LINDY BOGGS: When we first went to Washington, there was a very structured social agenda. You had to call upon the people who were senior to your husband. And when your husband was a freshman member of the House, that was a great number of people. And there were very strict rules. There were calling days. You called on the spouses of the Supreme Court on Monday, the House of Representatives on Tuesday, the Cabinet on Wednesday, the Senate on Thursday, the diplomatic corps on Friday.
You made no calls on Saturday, and you made return calls made to you, accompanied by your husband, on Sundays.
GROSS: When did it stop being that way?
BOGGS: After - well, it was suspended during World War II, of course. And following the war, it was followed somewhat, but the government became so constant and so large, that it was really an impossible situation to have as strict protocol as had existed prior to the war.
GROSS: I want to jump ahead to 1972, when your husband was on a campaign swing through Alaska and his plane disappeared, and neither he nor the plane were ever found. Your whole family went to Alaska shortly after he was declared missing. What was it like for you to go there? And what were you able to do?
BOGGS: Well, we went. We were invited to go, which was a tremendous relief. And...
GROSS: Why was that a relief?
BOGGS: Because you could go to the scene, and be there and feel that if there was any way that you could be helpful, that you were on the scene and able to do so. In addition, it gave us the firsthand knowledge - gave our family the firsthand knowledge of the remarkable kind of search that was launched, unless we'd been on the scene and had the daily briefings and been with the people.

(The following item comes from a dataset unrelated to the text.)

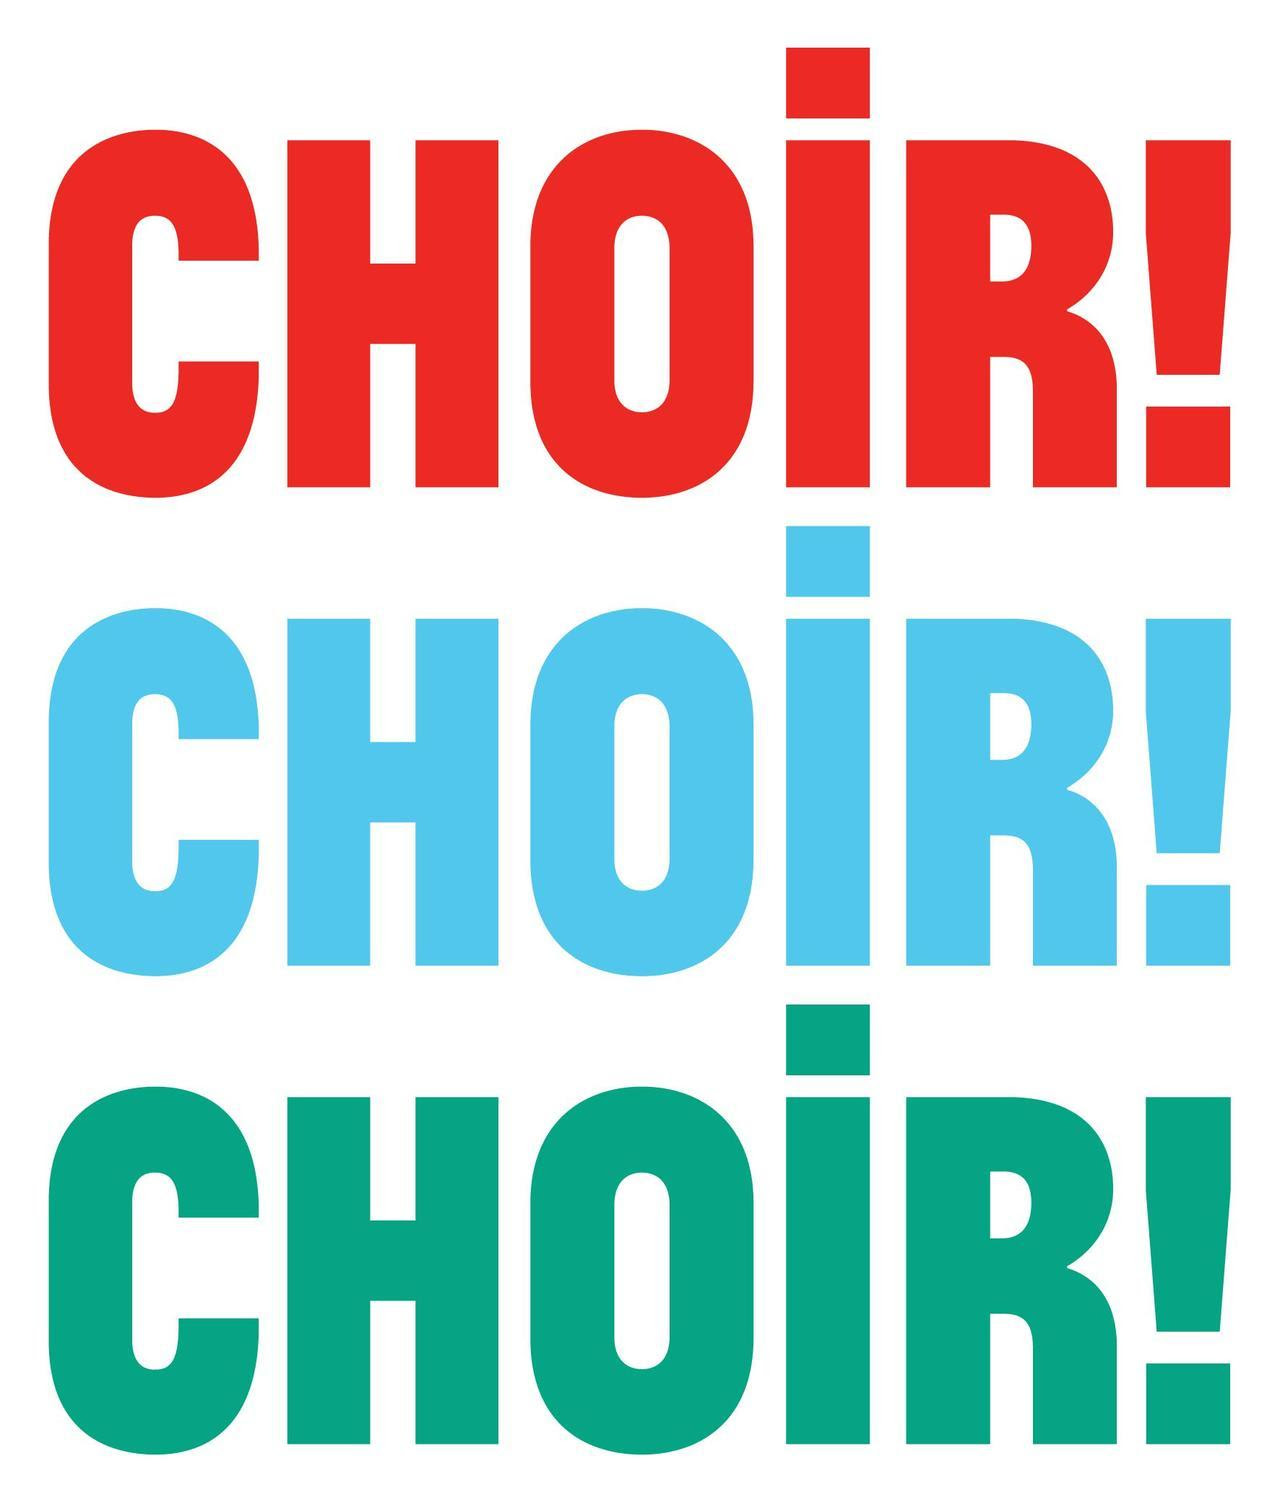 Choir! Choir! Choir! logo provided by Kleinhans Music Hall

The Air Force had charge of it from Elmendorf Air Force Base in Anchorage, and the Coast Guard had charge of it from Juneau, and we would have briefings a couple of times a day. We also would have the wonderful pilots who would come off of the flights and take my hands in theirs and say, don't you worry. We're going to find him for you. It was a tremendous consolation.

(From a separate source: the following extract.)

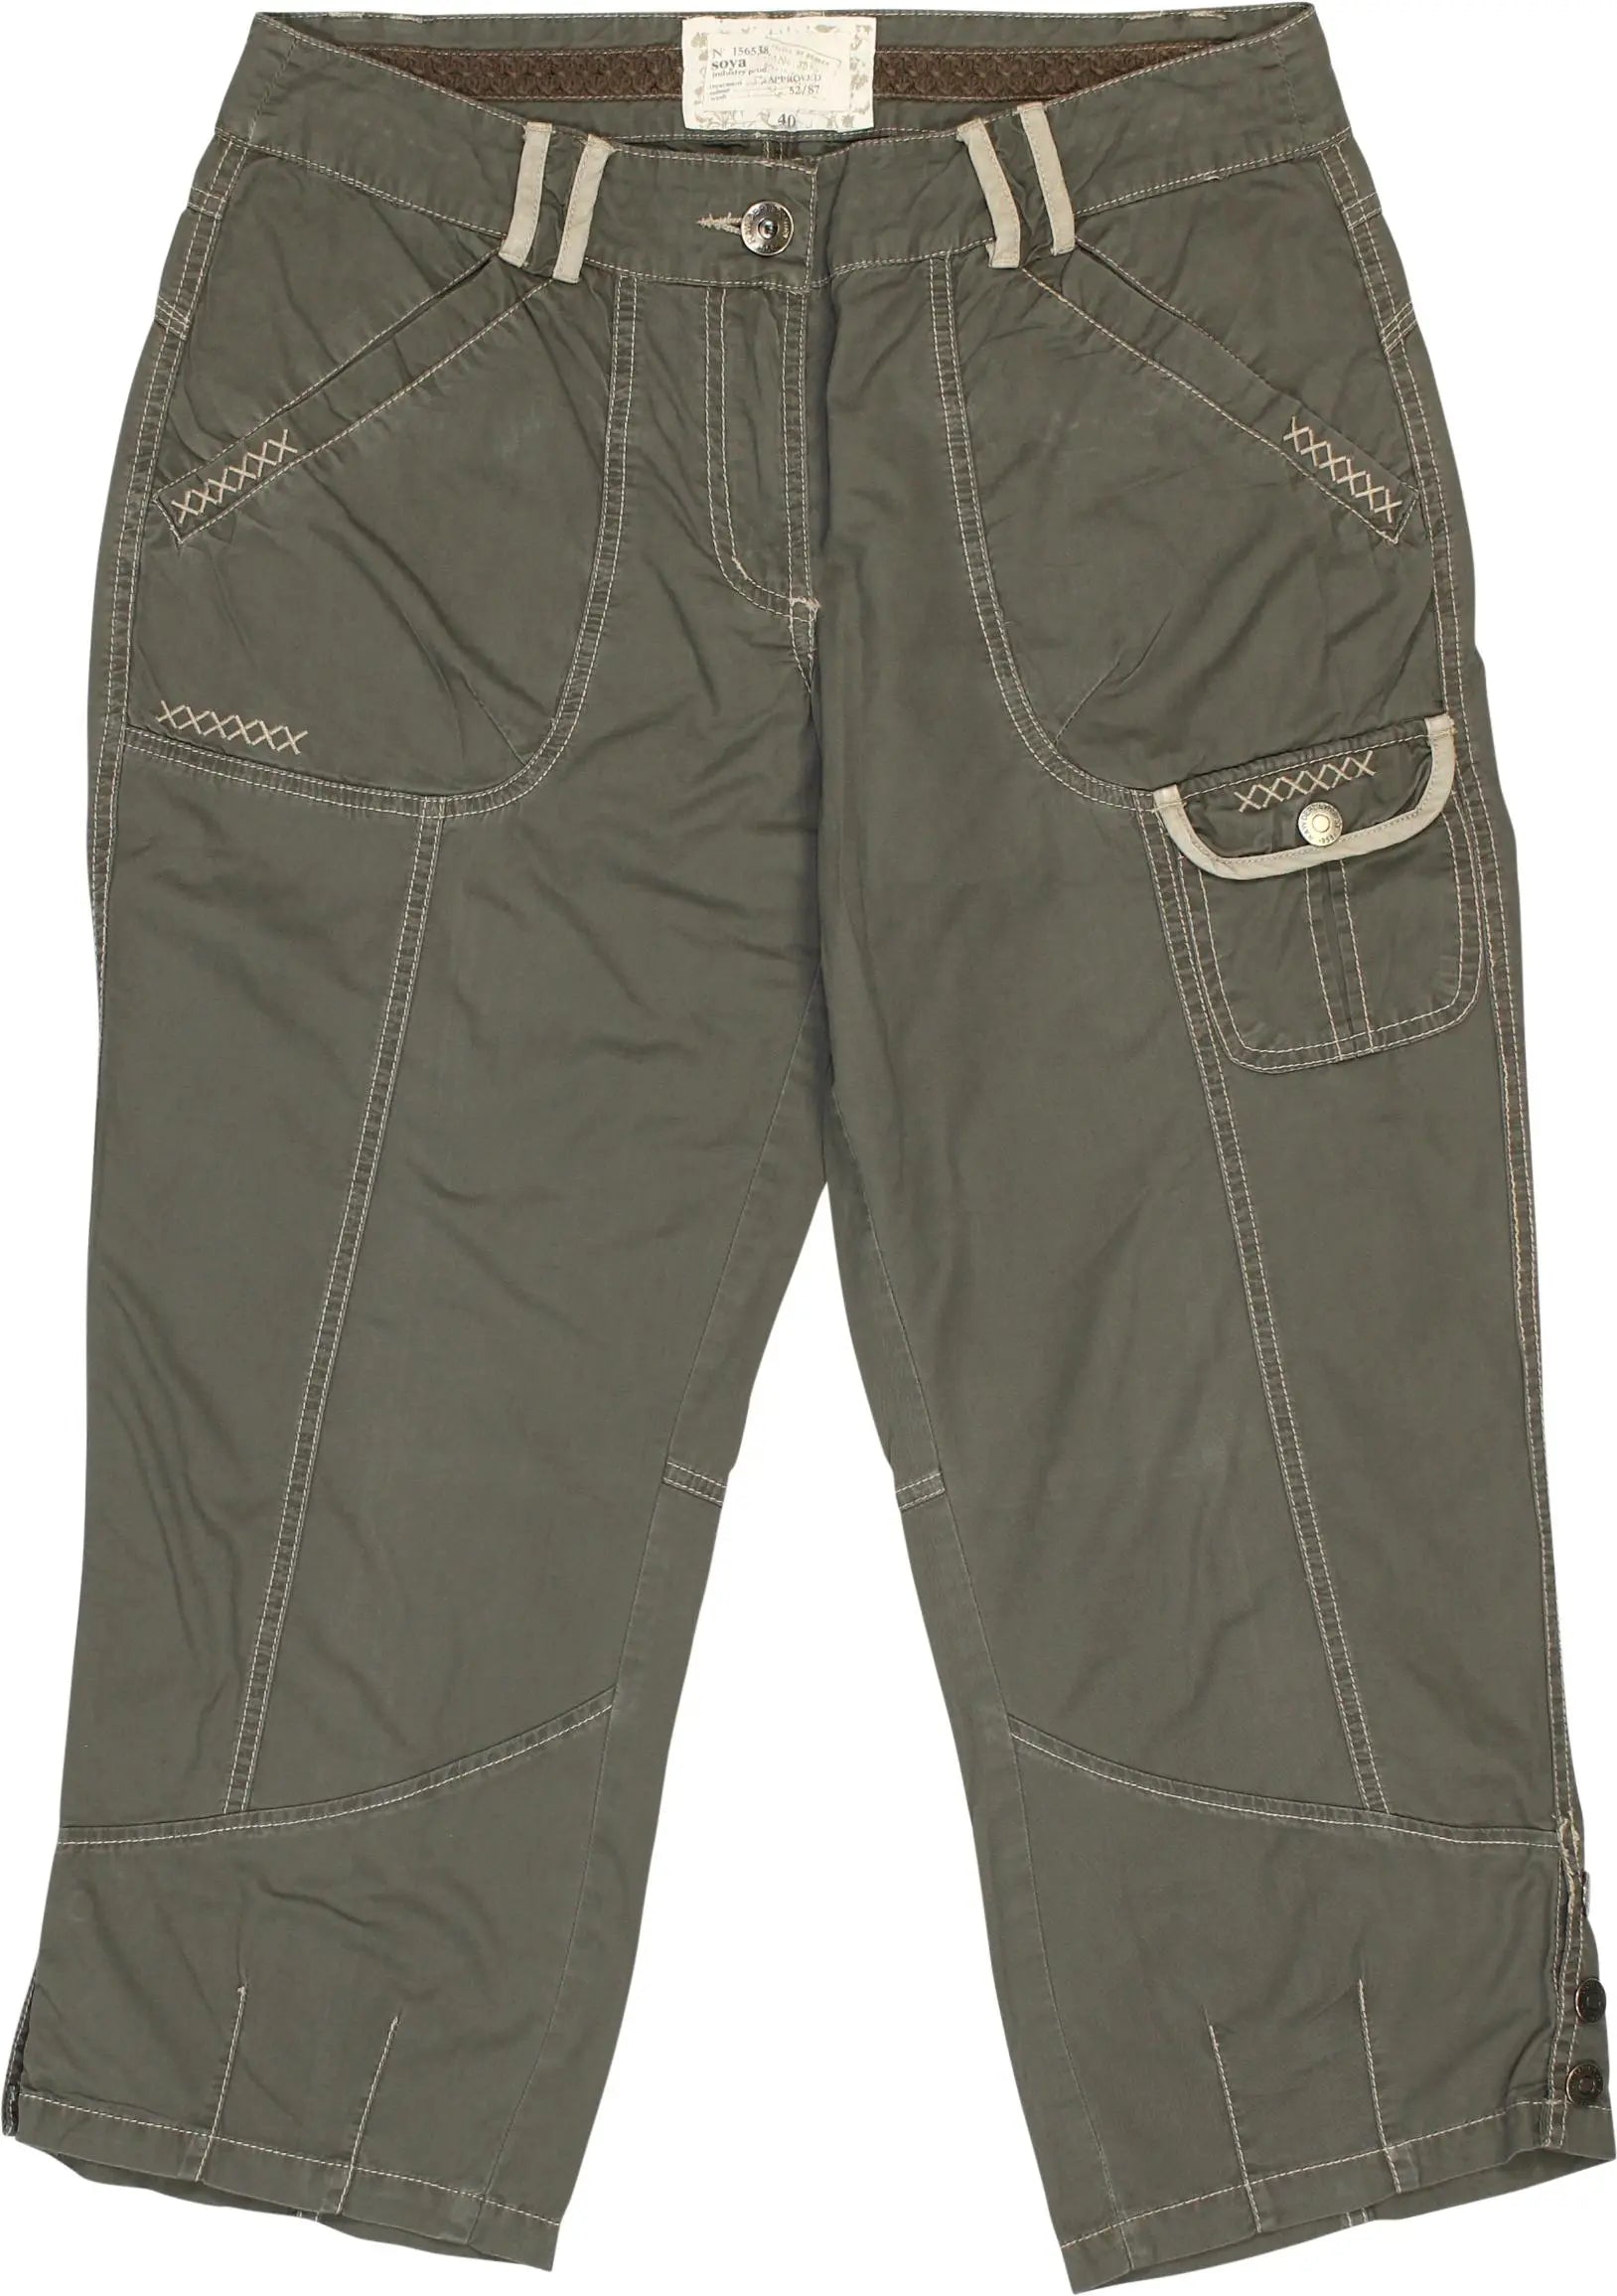 Dash Brown Cargo Capri Pants  Size 8 Petite – Jubilee Thrift

GROSS: When you decided to run for your husband's seat, did you still hold out any hope that he would be discovered, he would be found?
BOGGS: Yes, I did. I continued to hold out hope for a long time.
GROSS: Was there a time when you knew that you'd stopped hoping?
BOGGS: Not that I'd given up hope, I suppose, but that I had come to perhaps a practical realization. I was a delegate to a World Bank International Monetary Fund meeting in Kenya, in Nairobi. I had accompanied Hale on several trips of that sort, and had been backup for him and helped him with his testimony, and things, and so on. But here I was. I was a delegate. I had the responsibility for making decisions with the United States group. And I think that perhaps that was when the full realization came upon me.
GROSS: That you had this burden on your shoulders.
BOGGS: That I was really - I wasn't a stand-in for Hale.
BOGGS: That I was the member myself.
GROSS: During some of your time in Congress, your daughter Cokie was covering Congress. Your son-in-law Steve Roberts was covering Congress for the New York Times. Then he wrote about Washington for U.S. News and World Report. Was it awkward for you to have two of your family members covering Congress?
BOGGS: No. Because we had a very good relationship, professional relationship, and still kept our loving family relationship. When someone asked Cokie what she liked best about her job, she said giggling with her mother in the speakers' lobby. But they didn't feature me, and I didn't give them any scoops.
GROSS: Well, I want to thank you very much for talking with us.
BOGGS: Oh, thank you. It's been a joy to be with you.
GROSS: Lindy Boggs, recorded in 1994. She died Saturday at age 97. You can download podcasts of our show on our website, freshair.npr.org, and you can follow us on Twitter @nprfreshair and on Tumblr at nprfreshair.tumblr.com.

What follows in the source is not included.